Moradin was detailed in the book Monster Mythology (1992), including details about his priesthood.

His role in the cosmology of the Planescape campaign setting was described in On Hallowed Ground (1996).

Moradin received a very detailed description for his role in the Forgotten Realms in Demihuman Deities (1998).

Moradin is described as one of the good deities that celestials can serve in the supplement Warriors of Heaven (1999).

===Dungeons & Dragons 3.0 edition (2000–2002)===
Moradin appears as one of the deities described in the Players Handbook for this edition (2000).

Moradin is detailed in Deities and Demigods (2002), and his role in the Forgotten Realms is revisited in Faiths and Pantheons (2002).
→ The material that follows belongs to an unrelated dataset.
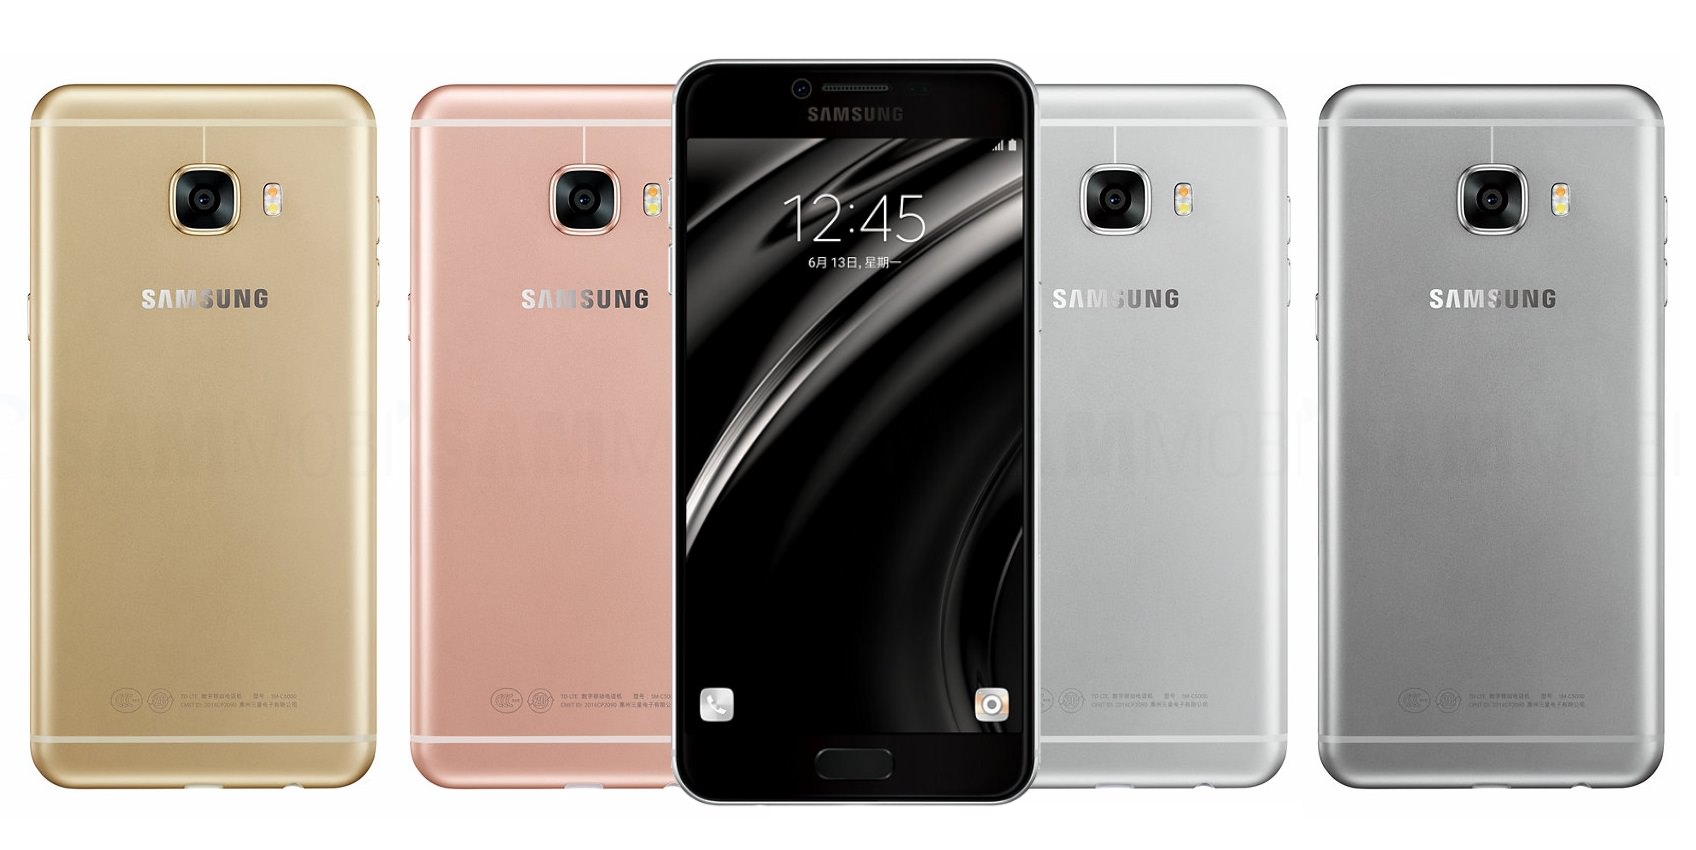 Samsung Galaxy C5 Fully Exposed Ahead of Official Release weboo co

===Dungeons & Dragons 3.5 edition (2003–2007)===
Moradin appears in the revised Players Handbook for this edition (2003). His priesthood is detailed for this edition in Complete Divine (2004).

===Dungeons & Dragons 4th edition (2008–2014)===
Moradin appears as one of the deities described in the Players Handbook for this edition (2008). A setting-specific version of him appears in the Forgotten Realms Campaign Guide and the Forgotten Realms Player's Guide (both 2008) for this edition.
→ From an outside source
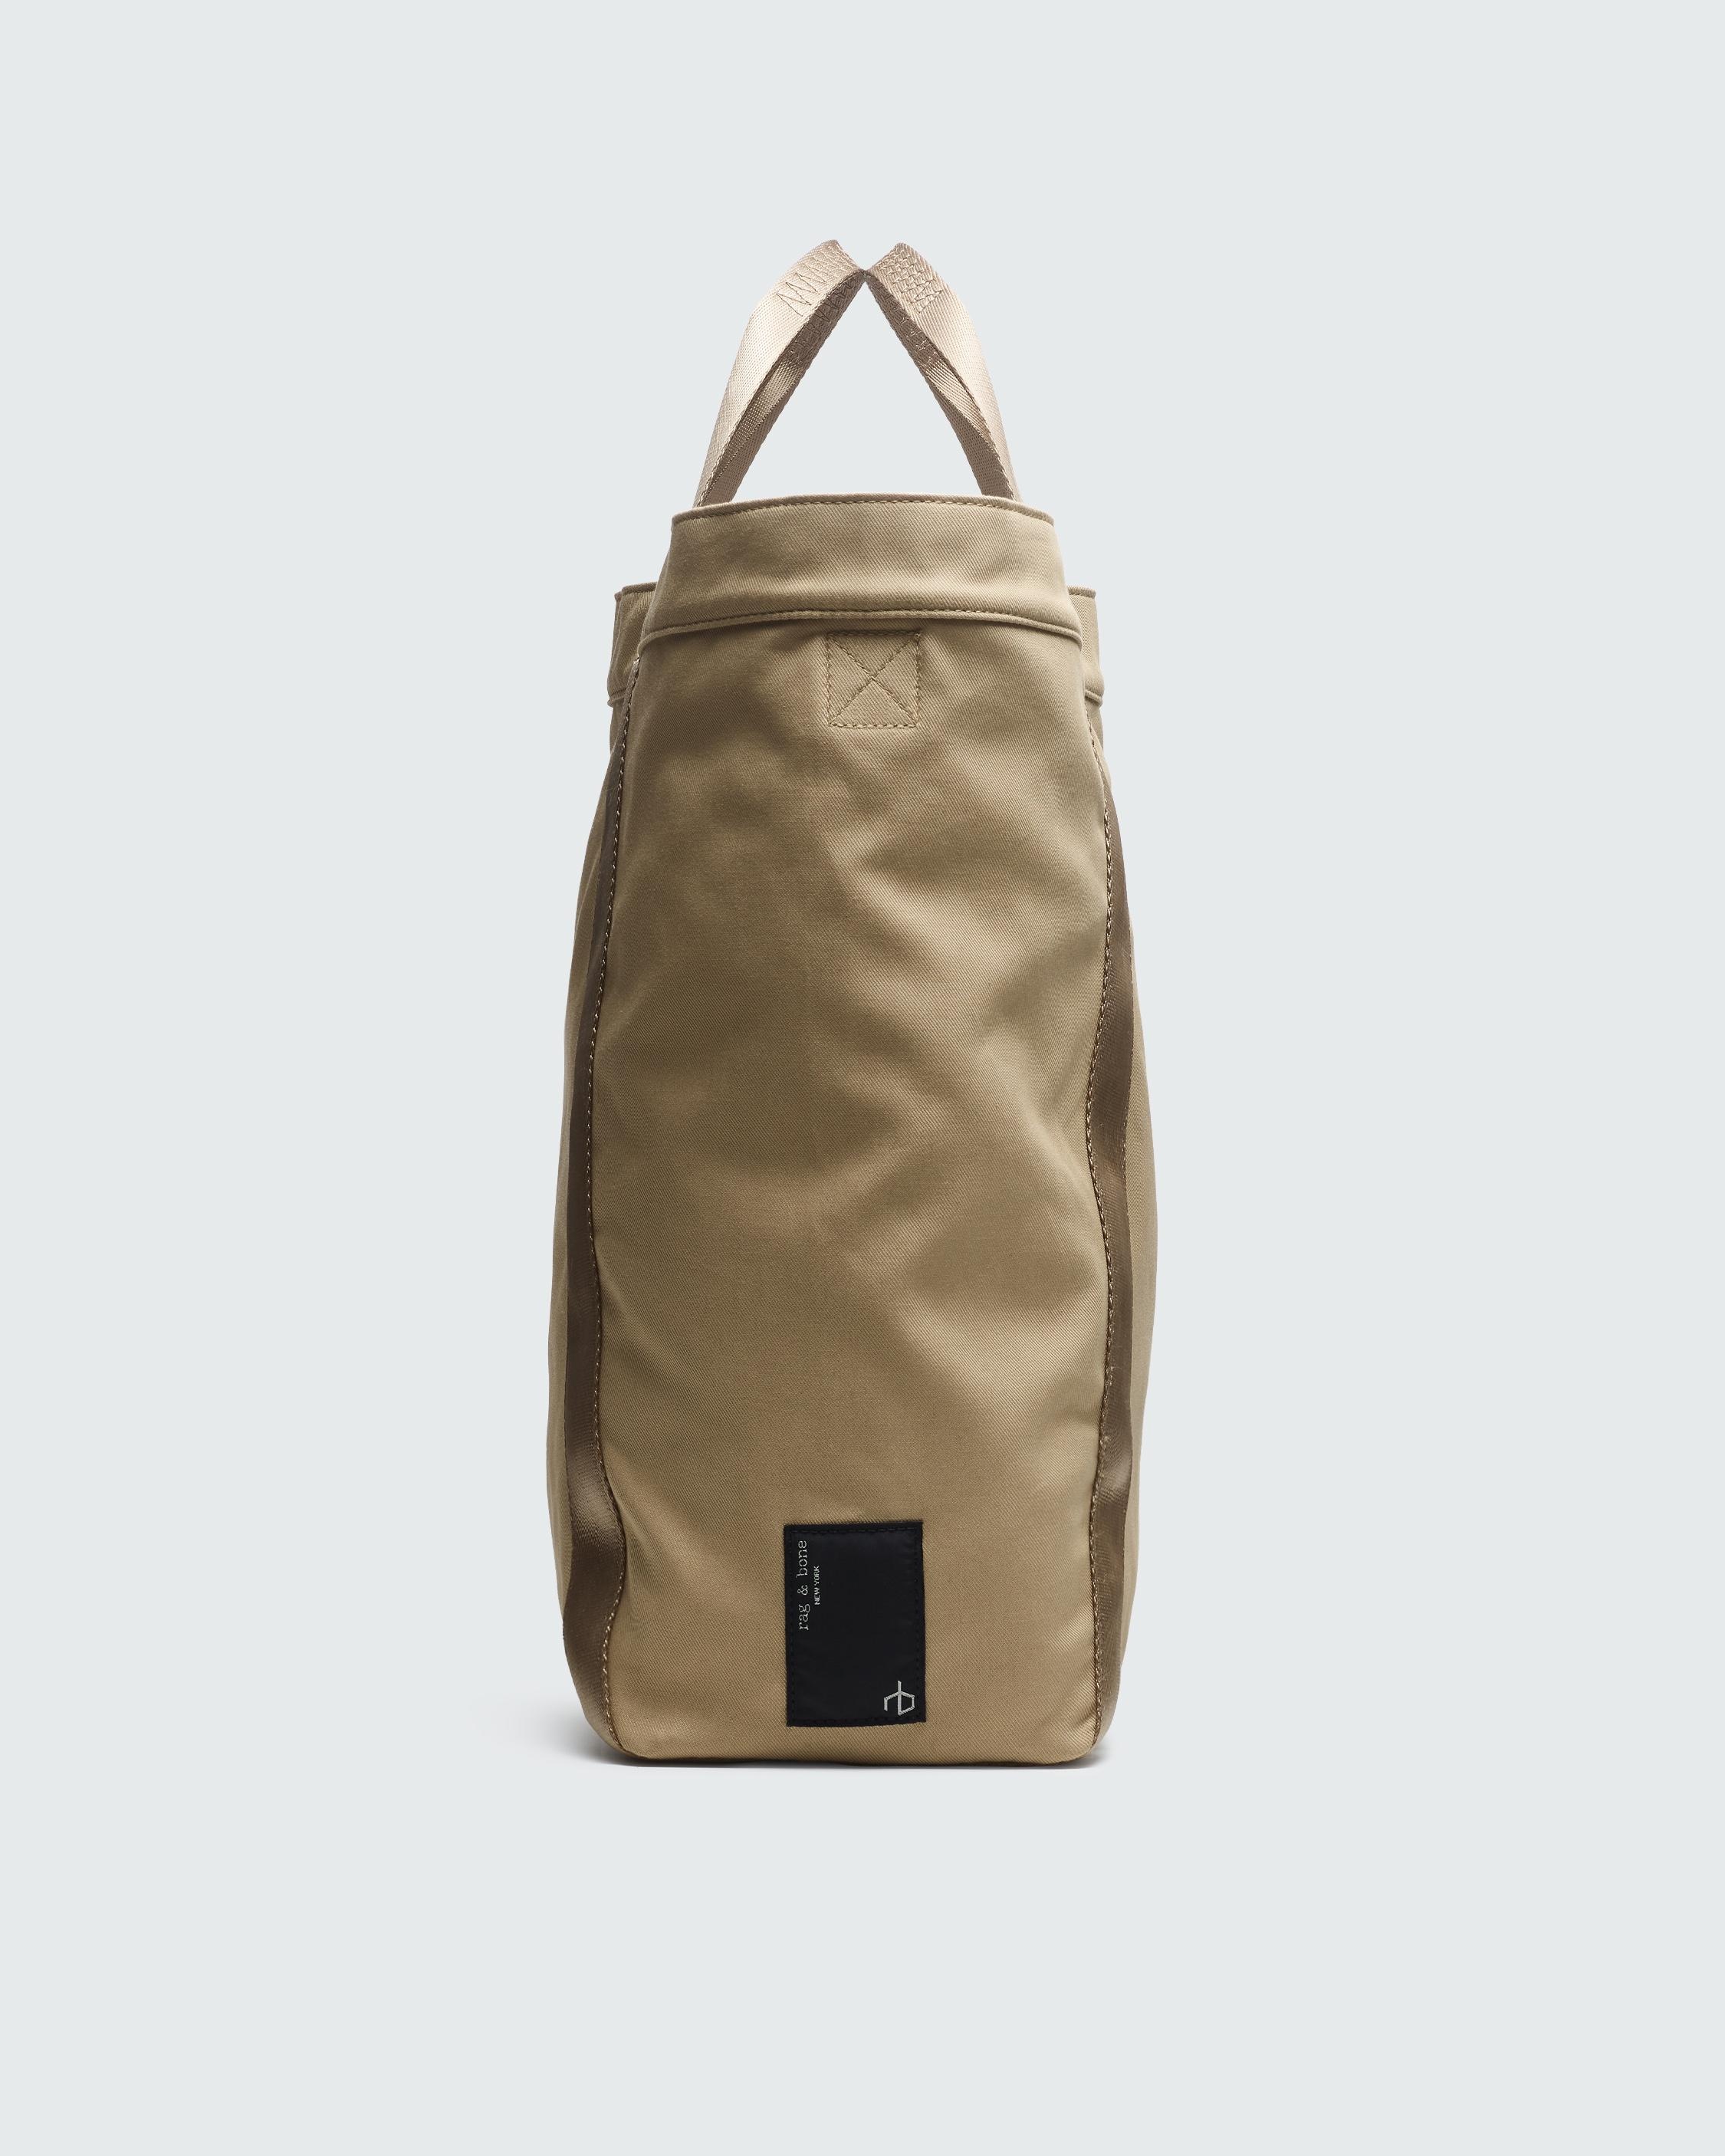 Division Tote - Cotton
Large Tote Bag - 3

===Dungeons & Dragons 5th edition (2014–)===

Moradin appears in the list of Nonhuman Deities found in the Players Handbook for this edition (2014).

==Relationships==
Moradin is the head of the dwarven pantheon. He is married to Berronar Truesilver, and counts Gruumsh and Maglubiyet among his most fierce foes. He is friendly with Pelor.

In many campaign settings, the dwarven pantheon of gods consists of the leader Moradin, as well as Abbathor, Berronar Truesilver, Clanggedin Silverbeard, Dugmaren Brightmantle, Dumathoin, Muamman Duathal, and Vergadain. Other dwarven gods may be present in different campaign settings.
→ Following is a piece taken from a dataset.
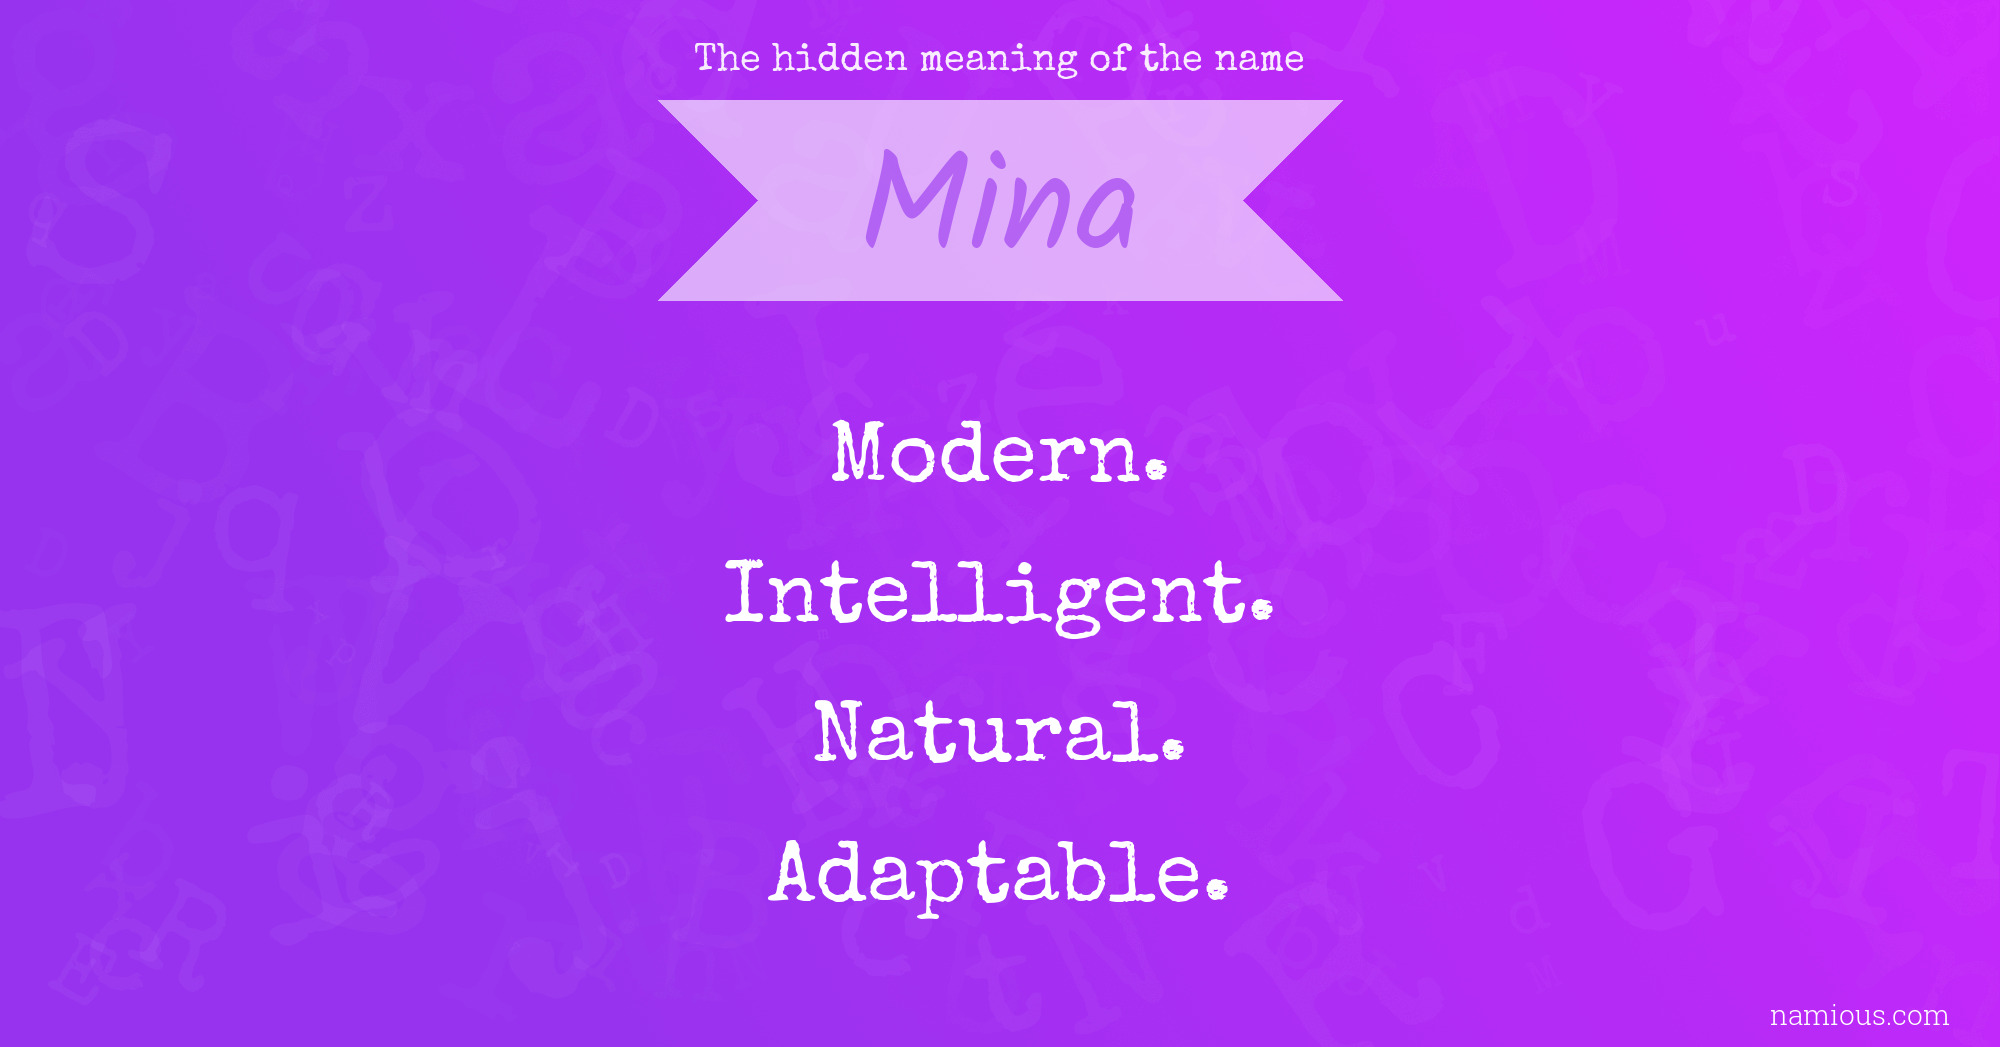 The hidden meaning of the name Mina

In 4th edition, Moradin counts Asmodeus as one of his chief enemies, and is closely allied with Bahamut.

==Realm==
Moradin's realm is Erackinor, on the plane of Mount Celestia, which he shares with his wife Berronar.

==Worshippers==
Moradin charges his followers with the task of removing the kingdoms of orcs and wiping out the followers of Gruumsh. He is upset if they flee from their foes or kill their fellow dwarves.

===Clergy===
Moradin's clerics wear earthy colors, with chain mail and silvered helms. His clerics are usually drawn from family lines, like most dwarven occupations.

===Hammers of Moradin===
The Hammers of Moradin are an elite military order dominated by crusaders and fighting clerics with chapters in nearly every dwarven stronghold and members drawn from every dwarven clan. The Hammers serve both as commanders of dwarven armies and as an elite strike force skilled in dealing with anything from large groups of orcs to great wyrms to malevolent fiends from the Lower Planes.

The order is dedicated to the defense of existing dwarven holdings and the carving out of new dwarven territories. Individual chapters have a great deal of local autonomy but, in times of great crisis, a Grand Council (the reigning monarchs and senior Hammers of the affected region) assemble to plot strategy and divine Moradin's will.

==Temples and rituals==
Moradin is worshipped at forges and hearths. Melted metals are sacrificed to him monthly.

==Holy days==
Moradin's holy days fall during the crescent moon.